• INPUT FOR THIS TASK:

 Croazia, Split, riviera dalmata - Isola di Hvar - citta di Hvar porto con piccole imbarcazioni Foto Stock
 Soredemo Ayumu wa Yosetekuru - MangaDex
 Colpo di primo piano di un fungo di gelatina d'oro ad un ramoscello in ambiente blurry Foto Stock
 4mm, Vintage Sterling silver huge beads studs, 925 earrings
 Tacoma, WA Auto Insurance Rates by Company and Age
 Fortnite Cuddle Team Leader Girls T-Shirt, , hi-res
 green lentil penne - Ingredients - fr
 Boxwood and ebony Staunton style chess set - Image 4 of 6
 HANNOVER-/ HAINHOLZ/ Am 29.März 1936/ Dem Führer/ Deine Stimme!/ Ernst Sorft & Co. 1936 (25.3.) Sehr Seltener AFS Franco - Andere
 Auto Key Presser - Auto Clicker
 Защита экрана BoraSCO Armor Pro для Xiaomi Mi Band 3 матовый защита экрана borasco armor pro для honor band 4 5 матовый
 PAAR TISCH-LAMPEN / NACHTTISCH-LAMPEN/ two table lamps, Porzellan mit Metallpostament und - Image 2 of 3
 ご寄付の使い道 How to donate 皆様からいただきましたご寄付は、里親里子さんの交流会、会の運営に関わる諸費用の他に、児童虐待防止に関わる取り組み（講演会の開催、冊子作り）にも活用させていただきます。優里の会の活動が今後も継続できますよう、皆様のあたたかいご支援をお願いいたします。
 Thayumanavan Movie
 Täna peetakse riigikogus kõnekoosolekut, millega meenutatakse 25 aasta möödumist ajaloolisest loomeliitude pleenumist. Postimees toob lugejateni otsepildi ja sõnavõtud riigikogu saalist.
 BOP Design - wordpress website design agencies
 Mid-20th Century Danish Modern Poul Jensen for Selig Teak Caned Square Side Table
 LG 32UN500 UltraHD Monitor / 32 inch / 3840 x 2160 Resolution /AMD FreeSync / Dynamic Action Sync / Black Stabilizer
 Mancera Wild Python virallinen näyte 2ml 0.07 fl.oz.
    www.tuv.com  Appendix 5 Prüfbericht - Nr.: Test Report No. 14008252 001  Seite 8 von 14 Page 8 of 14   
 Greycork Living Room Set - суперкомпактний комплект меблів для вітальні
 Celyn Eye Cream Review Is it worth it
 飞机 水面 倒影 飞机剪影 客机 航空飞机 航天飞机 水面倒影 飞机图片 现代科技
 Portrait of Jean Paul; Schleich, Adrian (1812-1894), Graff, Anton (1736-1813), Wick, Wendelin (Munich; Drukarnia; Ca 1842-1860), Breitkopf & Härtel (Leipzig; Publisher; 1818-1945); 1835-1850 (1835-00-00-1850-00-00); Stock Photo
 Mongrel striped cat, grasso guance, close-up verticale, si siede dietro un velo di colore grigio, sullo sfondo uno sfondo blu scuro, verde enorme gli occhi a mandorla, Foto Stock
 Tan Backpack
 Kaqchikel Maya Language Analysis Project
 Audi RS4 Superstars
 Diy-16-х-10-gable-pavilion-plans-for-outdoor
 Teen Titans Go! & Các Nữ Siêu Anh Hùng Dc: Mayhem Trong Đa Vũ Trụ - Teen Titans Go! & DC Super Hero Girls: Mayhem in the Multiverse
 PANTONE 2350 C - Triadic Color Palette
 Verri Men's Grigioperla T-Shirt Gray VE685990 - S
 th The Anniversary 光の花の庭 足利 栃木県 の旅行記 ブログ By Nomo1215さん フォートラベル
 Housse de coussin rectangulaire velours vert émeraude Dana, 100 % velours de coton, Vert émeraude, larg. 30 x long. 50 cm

• AIM OF THE EXERCISE:
Find the line with "Täna peetakse riigikogus" in the material above. Reproduce it and each line after it up to and including the line with "Portrait of Jean".

• SOLUTION TO THE EXERCISE:
 Täna peetakse riigikogus kõnekoosolekut, millega meenutatakse 25 aasta möödumist ajaloolisest loomeliitude pleenumist. Postimees toob lugejateni otsepildi ja sõnavõtud riigikogu saalist.
 BOP Design - wordpress website design agencies
 Mid-20th Century Danish Modern Poul Jensen for Selig Teak Caned Square Side Table
 LG 32UN500 UltraHD Monitor / 32 inch / 3840 x 2160 Resolution /AMD FreeSync / Dynamic Action Sync / Black Stabilizer
 Mancera Wild Python virallinen näyte 2ml 0.07 fl.oz.
    www.tuv.com  Appendix 5 Prüfbericht - Nr.: Test Report No. 14008252 001  Seite 8 von 14 Page 8 of 14   
 Greycork Living Room Set - суперкомпактний комплект меблів для вітальні
 Celyn Eye Cream Review Is it worth it
 飞机 水面 倒影 飞机剪影 客机 航空飞机 航天飞机 水面倒影 飞机图片 现代科技
 Portrait of Jean Paul; Schleich, Adrian (1812-1894), Graff, Anton (1736-1813), Wick, Wendelin (Munich; Drukarnia; Ca 1842-1860), Breitkopf & Härtel (Leipzig; Publisher; 1818-1945); 1835-1850 (1835-00-00-1850-00-00); Stock Photo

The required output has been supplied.